Both platforms connect real-world assets with on-chain capital, but they take different approaches to structuring, risk, and recovery. Centrifuge pools assets into tokenized tranches. On.Chained isolates risk per loan and prioritises real-world enforcement.
| On.Chained | Centrifuge | |
|---|---|---|
| Primary model | Direct, contract-by-contract RWA lending | Tokenized asset pools with Tin/Drop tranches |
| Risk structure | Risk isolated per loan | Risk pooled and tranched across multiple assets |
| Collateral focus | Audited bullion, commodities, art, inventory | Invoices, real estate, revenue-based assets |
| Default handling | Enforcement-first work-out against collateral | Off-chain enforcement by asset originator / SPV |
| Liquidity model | Matched lending with defined tenor | Pool tokens trade on secondary markets |
| Best fit for | Borrowers and lenders who want isolated, audited collateral | Originators who want to securitize a portfolio |
On.Chained is built for asset owners and capital providers who want each loan tied to a specific, enforceable piece of collateral.
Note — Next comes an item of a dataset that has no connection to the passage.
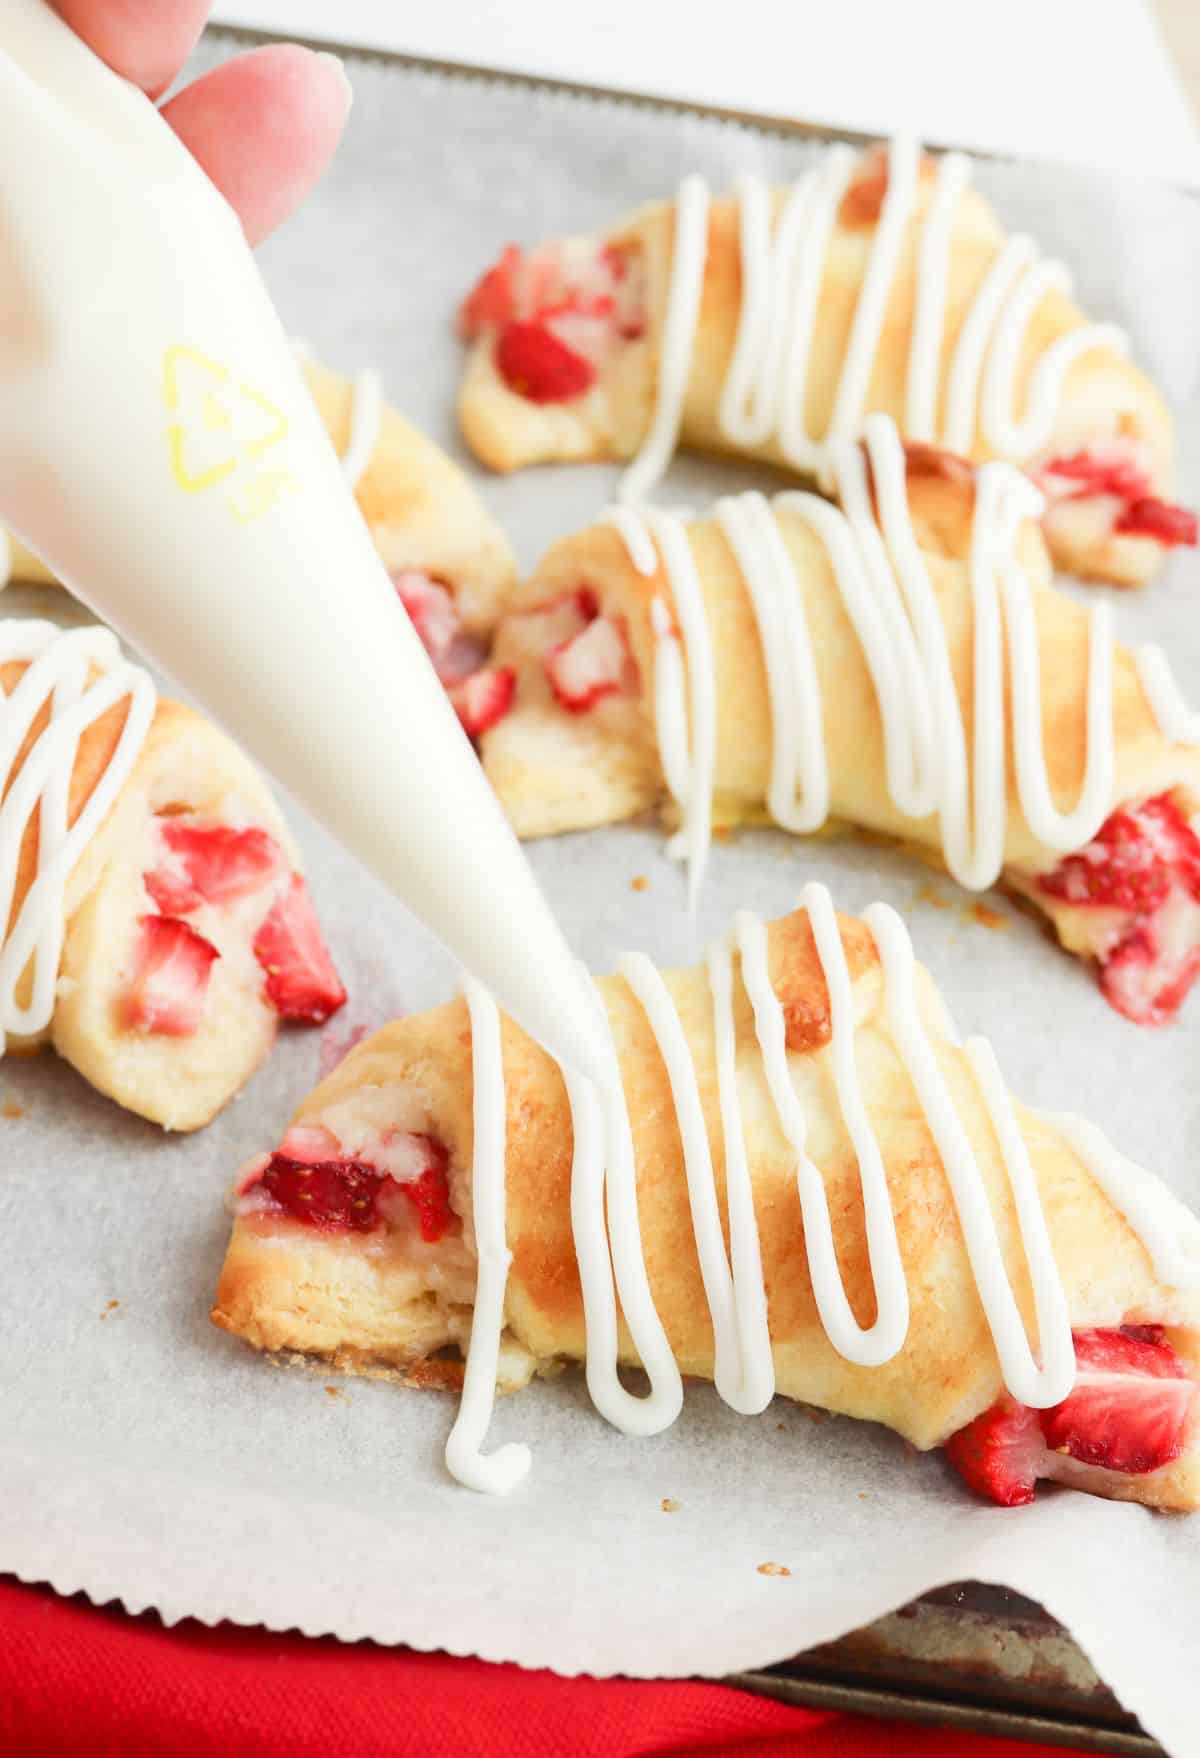 Strawberry Cheesecake Crescent Rolls

If you hold vaulted bullion, warehouse commodities, or authenticated art and want to borrow against them without selling, the platform is designed around your workflow.
Centrifuge is strongest for originators with a portfolio of receivables or income-producing assets who want to pool and tokenize cash flows. The tranche structure lets different investors take different risk profiles across the same pool.
On.Chained's core difference is that recovery planning starts before the loan is originated. We underwrite based on what can be claimed and enforced in the real world — custody arrangements, security interests, and legal remedies — rather than assuming a market exit. This matters most for collateral that cannot be sold instantly without loss.